Un an après le suicide de Caroline Grandjean, sa compagne dénonce les manquements de l’Éducation nationale

Le 1er septembre 2025, Caroline Grandjean, enseignante dans le Cantal, met fin à ses jours après avoir subi des actes de harcèlement homophobe pendant près de deux ans. Sa compagne, Christine Grandjean-Paccoud, continue de se battre pour la mémoire de Caroline et dénonce les défaillances de l’Éducation nationale dans cette affaire tragique.

EN BREF

  • Caroline Grandjean s’est suicidée après des années de harcèlement homophobe.
  • Sa compagne dénonce l’inaction de l’Éducation nationale malgré plusieurs alertes.
  • Christine Grandjean-Paccoud continue de se battre pour la mémoire de Caroline.

Près d’un an après ce drame, Christine Grandjean-Paccoud évoque les effets dévastateurs du harcèlement homophobe sur la vie de sa compagne. Caroline, harcelée dans son village, a été victime d’insultes et de menaces qui l’ont poussée à un acte tragique.

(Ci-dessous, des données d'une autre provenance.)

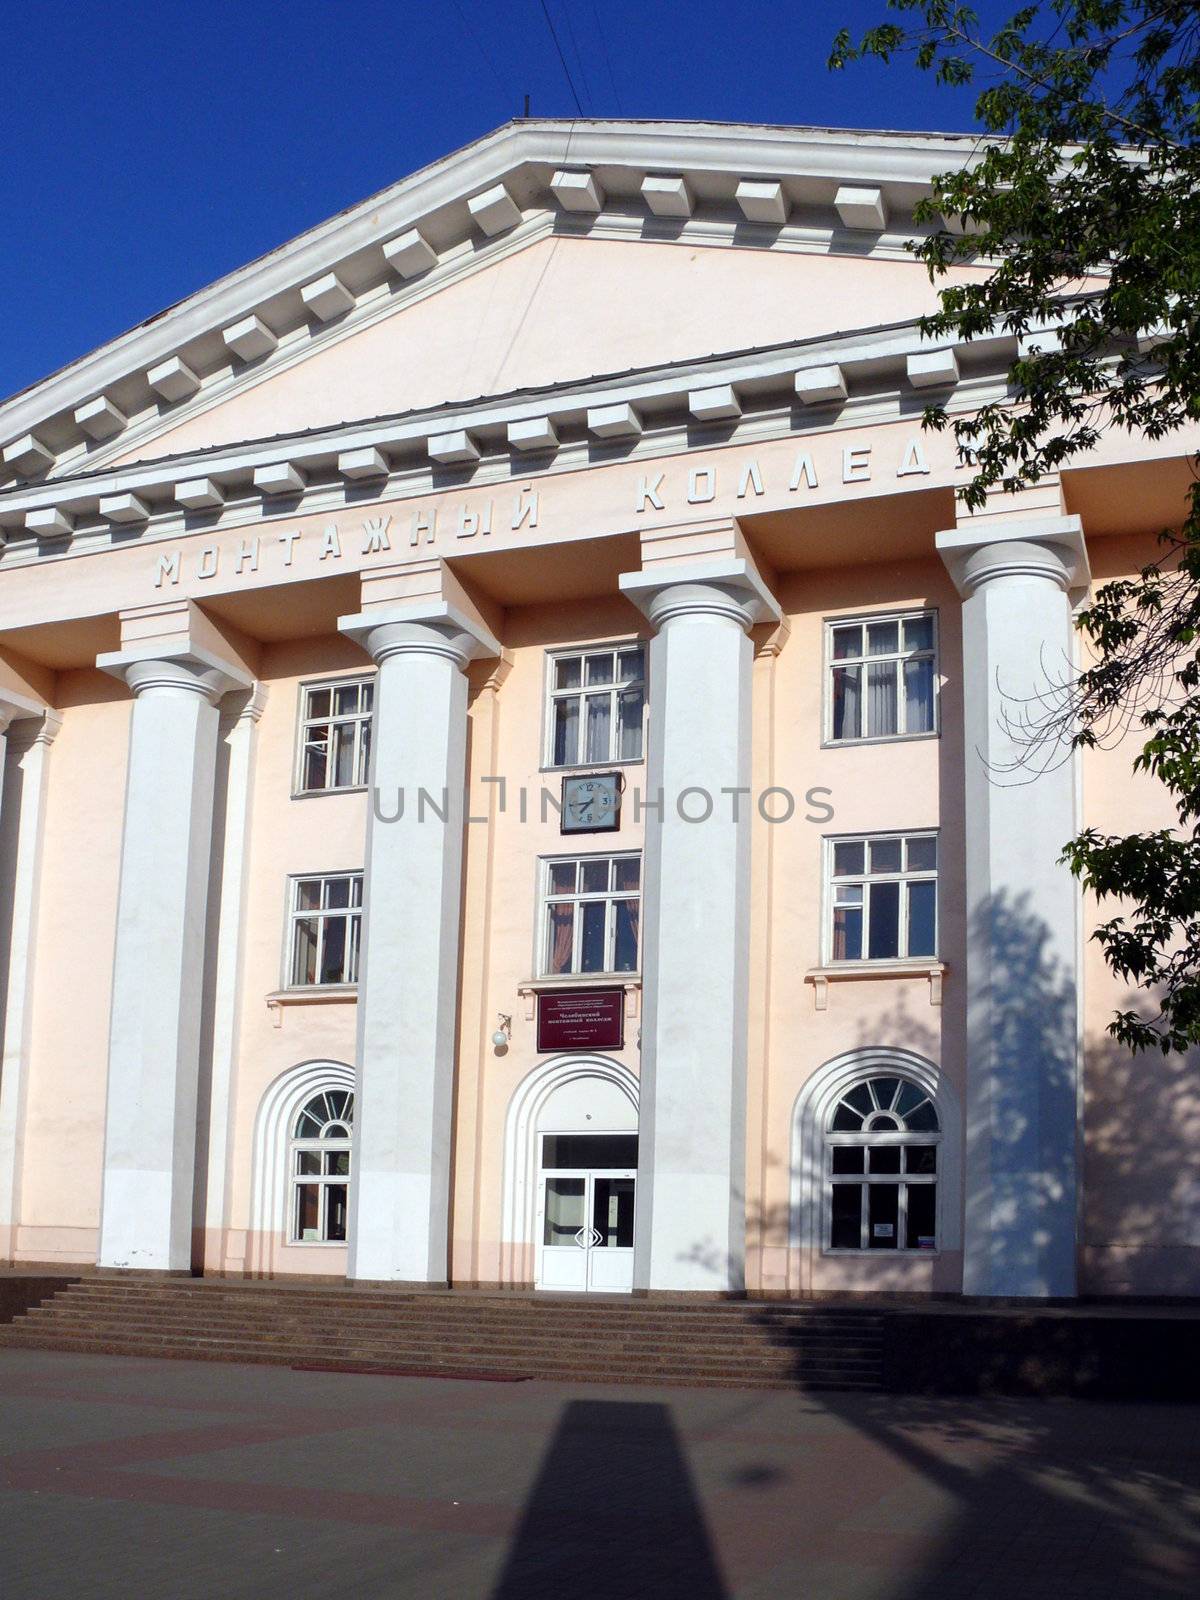 college of assembly - Chelyabinsk by Stoyanov

En réaction à ce suicide, une enquête administrative lancée par l’Éducation nationale a révélé plusieurs défaillances. Bien que le ministre de l’Éducation nationale ait proposé une indemnisation à Christine, celle-ci a exprimé son incompréhension face à cette offre : « Quel est le prix d’une vie ? Pour moi, cet argent est sale. Une vie ne se résume pas à de l’argent. » Elle refuse de laisser son chagrin être apaisé par des compensations financières.

Christine se remémore les jours qui ont suivi le suicide de Caroline, partageant son état de choc et son combat quotidien pour avancer. « Il y a des jours où je vais avoir suffisamment de force pour faire des choses, pour avancer. Il y a des jours où je vais m’écrouler. » Elle ressent toujours la présence de Caroline à ses côtés et déclare : « Je me battrai pour elle. »

Au cours de l’enquête, Christine a été informée des deux courriers envoyés par les syndicats à l’Éducation nationale, alertant sur la situation de Caroline. Le premier, envoyé en mai, resté sans réponse, indiquait clairement que Caroline était en danger. Le second, après une tentative de suicide en juin, a également été ignoré. Christine souligne : « Ce sont deux grosses erreurs, il y en a d’autres, mais ce sont les deux plus grosses. »

Le 29 août 2026, une marche est prévue à Aurillac pour honorer la mémoire de Caroline. Christine espère une forte mobilisation pour exprimer la colère face à cette injustice. Elle tente de se reconstruire tout en continuant de vivre pour la mémoire de sa compagne disparue. « J’essaie de faire des choses pour moi, mais ça ne m’intéresse pas vraiment pour le moment. Il faut que je réapprenne à vivre, » confie-t-elle.

Des enseignantes ont également contacté Christine, partageant des expériences similaires de harcèlement. « Des couples de femmes m’ont contactée parce qu’elles se cachaient, » raconte-t-elle. Christine reste perplexe face à cette question : « Comment peut-on empêcher deux personnes de s’aimer ? »

Actuellement, Christine Grandjean-Paccoud attend des avancées concernant l’enquête sur les menaces et les tags homophobes ayant visé Caroline. Elle espère que des projets autour de ce drame, tels que des livres, des documentaires et des films, contribueront à sensibiliser le public et à rendre hommage à sa compagne.

La lutte de Christine est un appel à la prise de conscience face aux violences homophobes et à l’importance d’une meilleure protection des victimes. À travers son combat, elle souhaite que l’histoire de Caroline ne soit pas oubliée et que des mesures concrètes soient mises en place pour éviter de telles tragédies à l’avenir.